クルクルとした巻き毛の、クルクルとした目の少女は、初老の男に元気よく挨拶するや、あたりに響き渡る声で叫んだ。

「オスカルお姉ちゃま〜!!」

マヴーフは、いささか衝撃を隠すことができず、少し口を開けてしまった。
そのお姉ちゃまとはひょっとしてうちの奥さまであるオスカルさまのことだろうか。
そうに決まっているのだが、あまりに呼称が不似合いでいささか反応に困った。
「ル・ルー。そんなに叫んでもあのお腹では出てこられないわ。さあ中に入りましょう。」
後ろから落ち着いた仕草でニコレットがおりてきた。
「マヴーフ、こんにちは。しばらくお世話になります。あとの荷物をよろしくね。」

いつもながら冷静なその声にはっと我に返ったマヴーフは、急いで車内をのぞきこんだ。
そして今度こそ大声を上げた。

「ひ、ひぇ〜!!」

後部座席には、鞄に埋もれるようにして、今おりてきた少女のミニチュアがちょこんと座り、好奇心いっぱいの瞳でマヴーフを見つめていた。
よく心臓が持ちこたえたものだと、この夜、しみじみと妻に語ったほどの衝撃だった。
「マヴーフ、それはル・ルーの人形だ。
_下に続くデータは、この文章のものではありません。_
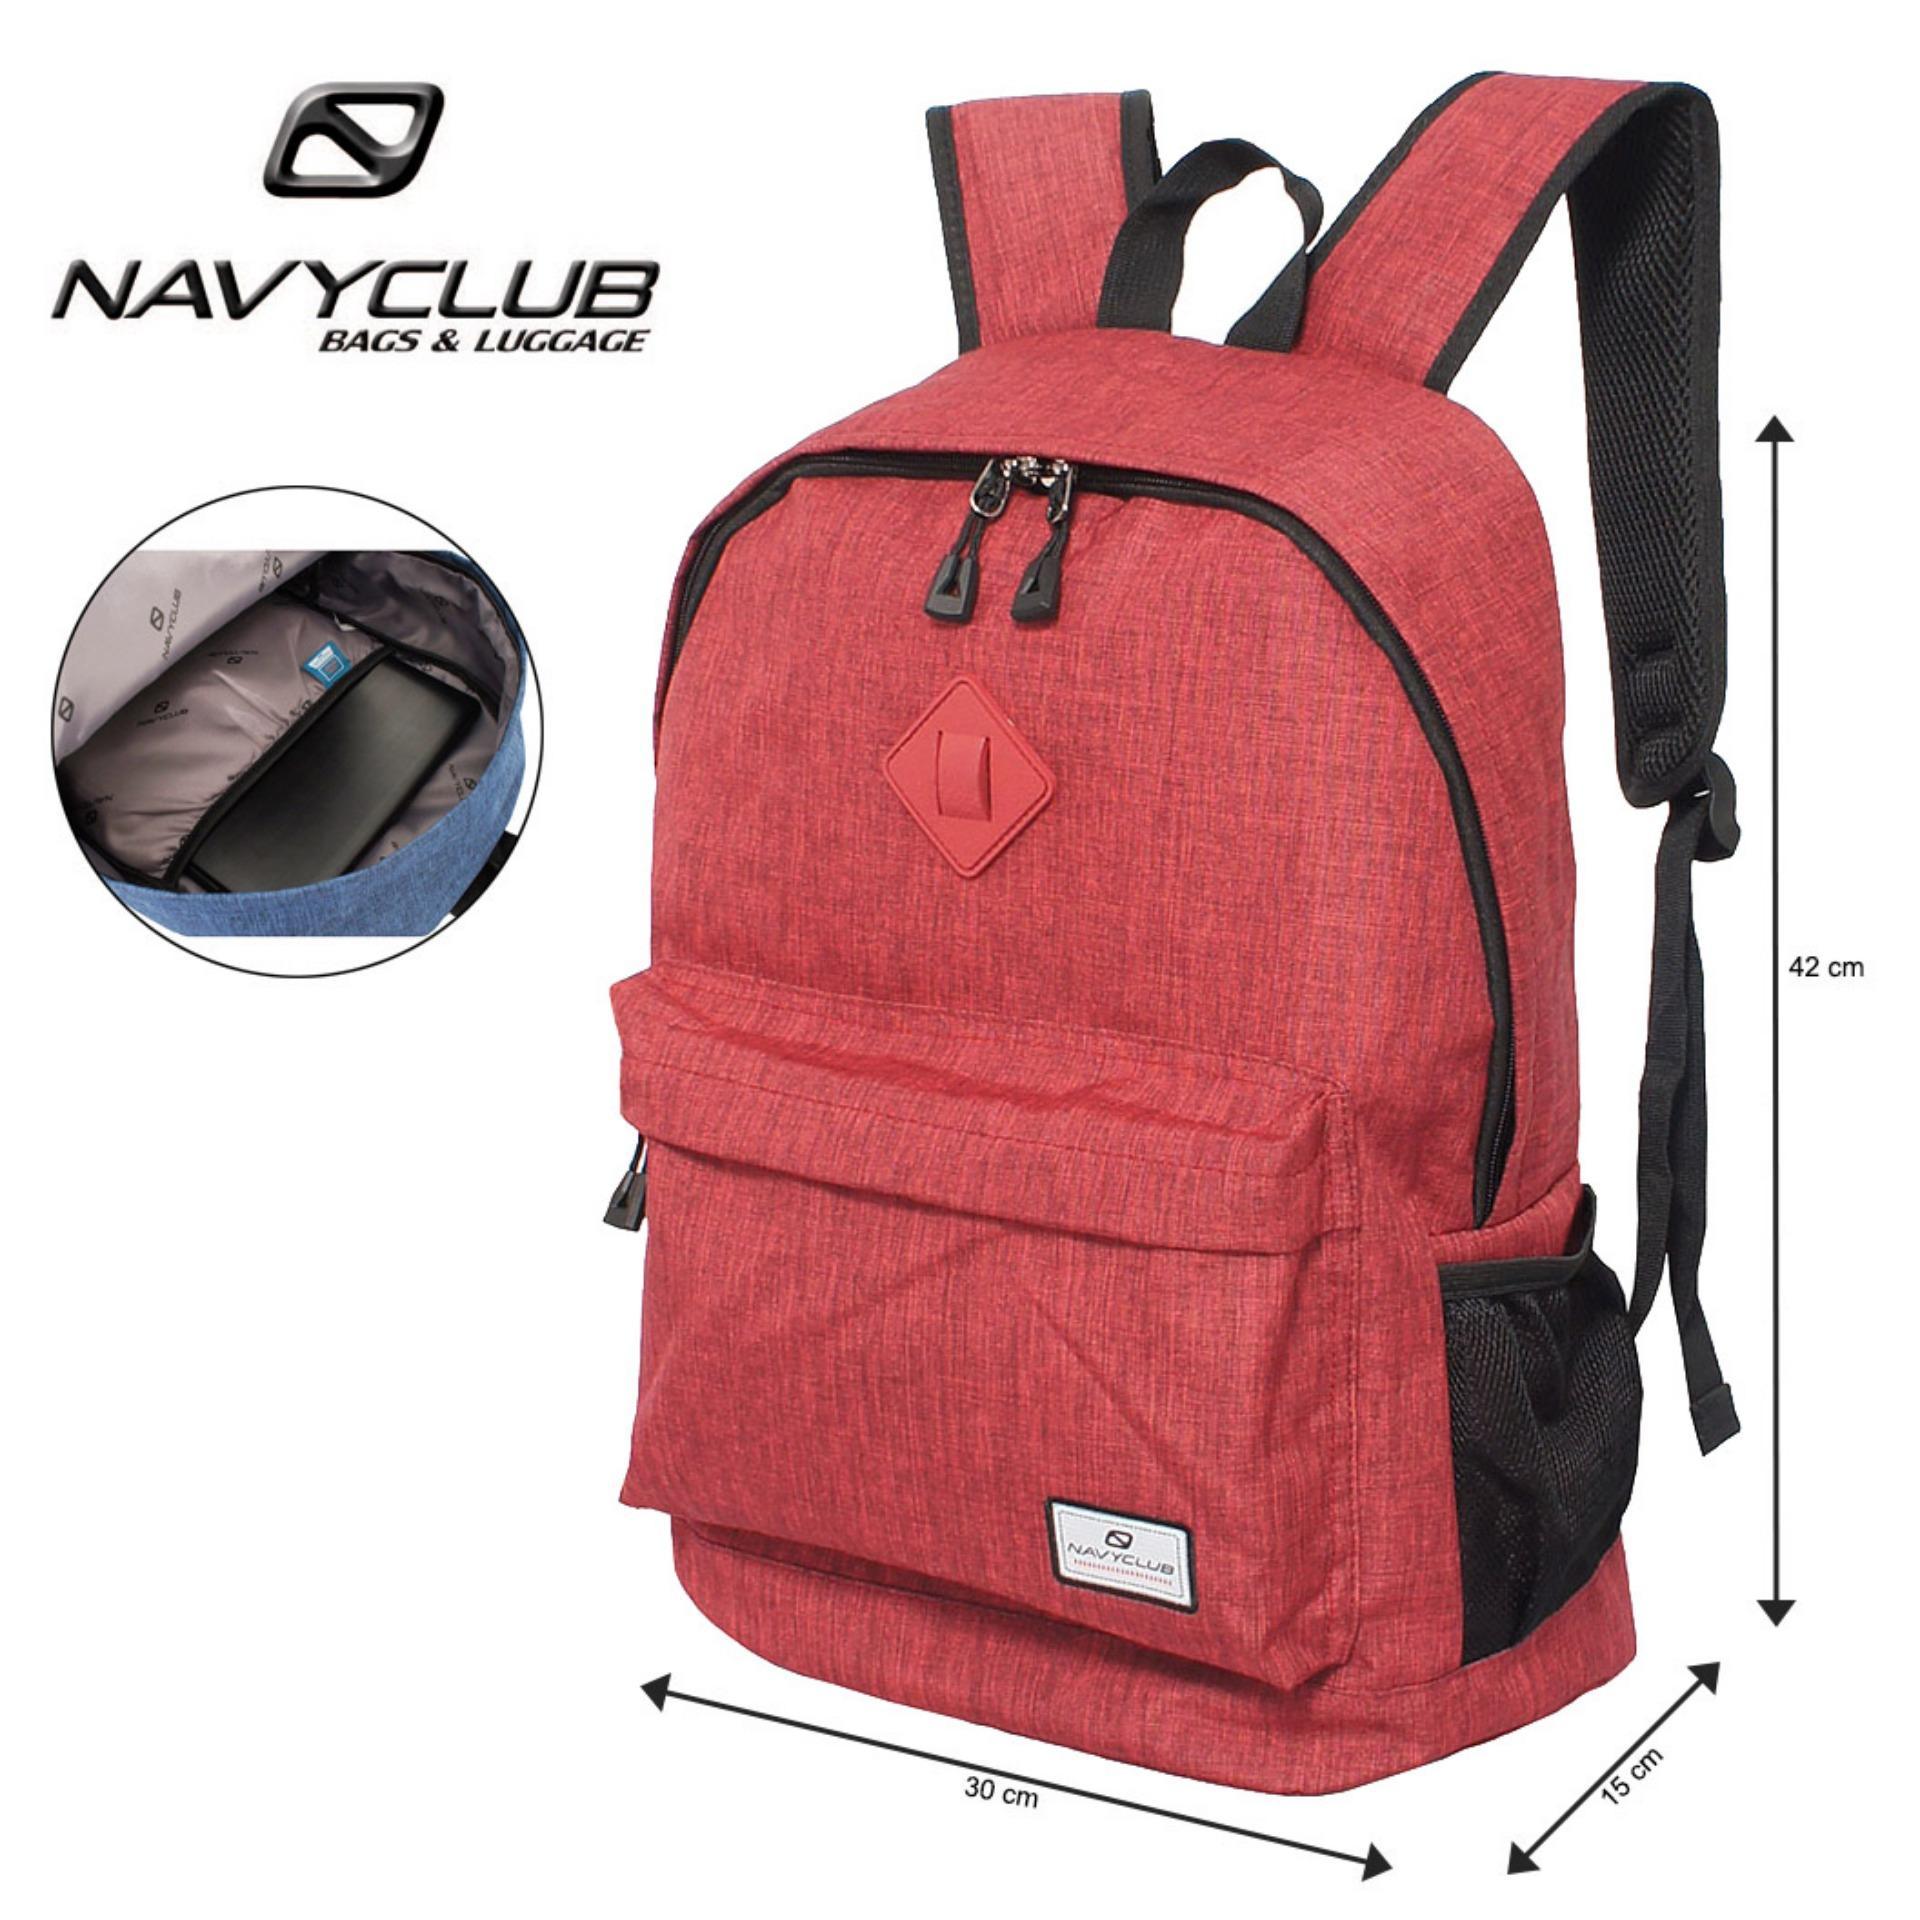 Navy Club Tas Ransel Laptop Kasual - Tas Pria Tas Wanita Tas Laptop Trendy EIBB Backpack Up to 14 inch Daypaack - Merah

よくできているだろう?わたしも最初はびっくりしたが、オルタンスおばさまの手作りだと聞いて二度びっくりだったよ。」
御者台からおりてきたニコーラがクスクスと笑って教えてくれた。
ニコーラさまのびっくりなど、全然大したことはございません、とマヴーフは小さくつぶやいた。
もう、そうたやすく驚くことはないと高をくくっていた彼は、完全に度肝を抜かれ、黙々と荷物運びに専念することにした。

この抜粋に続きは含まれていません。